>>>

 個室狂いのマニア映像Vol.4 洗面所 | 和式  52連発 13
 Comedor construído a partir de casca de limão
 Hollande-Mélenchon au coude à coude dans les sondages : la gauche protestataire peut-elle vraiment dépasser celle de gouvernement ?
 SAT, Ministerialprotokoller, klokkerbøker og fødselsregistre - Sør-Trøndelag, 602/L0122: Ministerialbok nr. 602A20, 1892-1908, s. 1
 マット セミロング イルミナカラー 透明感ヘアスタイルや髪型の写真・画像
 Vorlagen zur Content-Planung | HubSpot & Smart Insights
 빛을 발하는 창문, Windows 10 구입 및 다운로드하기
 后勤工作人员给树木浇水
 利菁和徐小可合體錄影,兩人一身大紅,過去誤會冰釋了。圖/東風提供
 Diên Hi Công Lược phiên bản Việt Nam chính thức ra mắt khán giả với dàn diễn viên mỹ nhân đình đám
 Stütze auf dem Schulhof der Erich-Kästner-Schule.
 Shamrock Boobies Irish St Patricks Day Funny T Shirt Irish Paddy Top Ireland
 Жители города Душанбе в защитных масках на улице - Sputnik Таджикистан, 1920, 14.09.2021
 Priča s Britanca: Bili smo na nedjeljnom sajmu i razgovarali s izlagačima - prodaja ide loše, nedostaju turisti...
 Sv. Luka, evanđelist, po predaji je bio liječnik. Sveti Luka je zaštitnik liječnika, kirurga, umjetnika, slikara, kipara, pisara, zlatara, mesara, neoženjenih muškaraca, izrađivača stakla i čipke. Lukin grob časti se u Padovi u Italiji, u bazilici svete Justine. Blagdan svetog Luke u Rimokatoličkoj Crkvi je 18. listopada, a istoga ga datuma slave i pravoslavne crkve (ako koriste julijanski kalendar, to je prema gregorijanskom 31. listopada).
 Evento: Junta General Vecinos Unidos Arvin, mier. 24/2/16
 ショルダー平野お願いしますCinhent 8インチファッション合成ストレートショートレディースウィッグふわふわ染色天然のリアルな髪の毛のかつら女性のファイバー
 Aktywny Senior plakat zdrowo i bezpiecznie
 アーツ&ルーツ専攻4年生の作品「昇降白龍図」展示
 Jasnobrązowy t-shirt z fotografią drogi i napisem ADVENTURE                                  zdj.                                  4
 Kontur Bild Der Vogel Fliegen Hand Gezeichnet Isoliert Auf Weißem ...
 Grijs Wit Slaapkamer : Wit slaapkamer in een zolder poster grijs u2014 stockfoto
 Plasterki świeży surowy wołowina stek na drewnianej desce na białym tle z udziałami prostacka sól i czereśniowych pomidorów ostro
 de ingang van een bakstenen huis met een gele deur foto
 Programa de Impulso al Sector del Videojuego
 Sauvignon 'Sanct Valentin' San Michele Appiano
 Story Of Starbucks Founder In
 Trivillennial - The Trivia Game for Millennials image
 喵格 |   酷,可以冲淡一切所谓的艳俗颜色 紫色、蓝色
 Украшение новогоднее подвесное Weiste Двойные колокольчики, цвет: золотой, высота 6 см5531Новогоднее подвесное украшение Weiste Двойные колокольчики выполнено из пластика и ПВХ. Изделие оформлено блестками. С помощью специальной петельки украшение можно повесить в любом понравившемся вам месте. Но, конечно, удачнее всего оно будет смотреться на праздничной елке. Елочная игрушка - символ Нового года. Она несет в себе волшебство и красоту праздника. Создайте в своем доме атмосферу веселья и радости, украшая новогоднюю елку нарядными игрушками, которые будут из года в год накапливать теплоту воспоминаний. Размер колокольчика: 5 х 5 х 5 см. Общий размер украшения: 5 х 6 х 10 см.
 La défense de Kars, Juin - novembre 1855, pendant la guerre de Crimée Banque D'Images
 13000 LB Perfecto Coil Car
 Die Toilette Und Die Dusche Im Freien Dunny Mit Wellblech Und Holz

<<<

What is needed: All records shown above are to be reproduced without any alteration.

Task solution:
 個室狂いのマニア映像Vol.4 洗面所 | 和式  52連発 13
 Comedor construído a partir de casca de limão
 Hollande-Mélenchon au coude à coude dans les sondages : la gauche protestataire peut-elle vraiment dépasser celle de gouvernement ?
 SAT, Ministerialprotokoller, klokkerbøker og fødselsregistre - Sør-Trøndelag, 602/L0122: Ministerialbok nr. 602A20, 1892-1908, s. 1
 マット セミロング イルミナカラー 透明感ヘアスタイルや髪型の写真・画像
 Vorlagen zur Content-Planung | HubSpot & Smart Insights
 빛을 발하는 창문, Windows 10 구입 및 다운로드하기
 后勤工作人员给树木浇水
 利菁和徐小可合體錄影,兩人一身大紅,過去誤會冰釋了。圖/東風提供
 Diên Hi Công Lược phiên bản Việt Nam chính thức ra mắt khán giả với dàn diễn viên mỹ nhân đình đám
 Stütze auf dem Schulhof der Erich-Kästner-Schule.
 Shamrock Boobies Irish St Patricks Day Funny T Shirt Irish Paddy Top Ireland
 Жители города Душанбе в защитных масках на улице - Sputnik Таджикистан, 1920, 14.09.2021
 Priča s Britanca: Bili smo na nedjeljnom sajmu i razgovarali s izlagačima - prodaja ide loše, nedostaju turisti...
 Sv. Luka, evanđelist, po predaji je bio liječnik. Sveti Luka je zaštitnik liječnika, kirurga, umjetnika, slikara, kipara, pisara, zlatara, mesara, neoženjenih muškaraca, izrađivača stakla i čipke. Lukin grob časti se u Padovi u Italiji, u bazilici svete Justine. Blagdan svetog Luke u Rimokatoličkoj Crkvi je 18. listopada, a istoga ga datuma slave i pravoslavne crkve (ako koriste julijanski kalendar, to je prema gregorijanskom 31. listopada).
 Evento: Junta General Vecinos Unidos Arvin, mier. 24/2/16
 ショルダー平野お願いしますCinhent 8インチファッション合成ストレートショートレディースウィッグふわふわ染色天然のリアルな髪の毛のかつら女性のファイバー
 Aktywny Senior plakat zdrowo i bezpiecznie
 アーツ&ルーツ専攻4年生の作品「昇降白龍図」展示
 Jasnobrązowy t-shirt z fotografią drogi i napisem ADVENTURE                                  zdj.                                  4
 Kontur Bild Der Vogel Fliegen Hand Gezeichnet Isoliert Auf Weißem ...
 Grijs Wit Slaapkamer : Wit slaapkamer in een zolder poster grijs u2014 stockfoto
 Plasterki świeży surowy wołowina stek na drewnianej desce na białym tle z udziałami prostacka sól i czereśniowych pomidorów ostro
 de ingang van een bakstenen huis met een gele deur foto
 Programa de Impulso al Sector del Videojuego
 Sauvignon 'Sanct Valentin' San Michele Appiano
 Story Of Starbucks Founder In
 Trivillennial - The Trivia Game for Millennials image
 喵格 |   酷,可以冲淡一切所谓的艳俗颜色 紫色、蓝色
 Украшение новогоднее подвесное Weiste Двойные колокольчики, цвет: золотой, высота 6 см5531Новогоднее подвесное украшение Weiste Двойные колокольчики выполнено из пластика и ПВХ. Изделие оформлено блестками. С помощью специальной петельки украшение можно повесить в любом понравившемся вам месте. Но, конечно, удачнее всего оно будет смотреться на праздничной елке. Елочная игрушка - символ Нового года. Она несет в себе волшебство и красоту праздника. Создайте в своем доме атмосферу веселья и радости, украшая новогоднюю елку нарядными игрушками, которые будут из года в год накапливать теплоту воспоминаний. Размер колокольчика: 5 х 5 х 5 см. Общий размер украшения: 5 х 6 х 10 см.
 La défense de Kars, Juin - novembre 1855, pendant la guerre de Crimée Banque D'Images
 13000 LB Perfecto Coil Car
 Die Toilette Und Die Dusche Im Freien Dunny Mit Wellblech Und Holz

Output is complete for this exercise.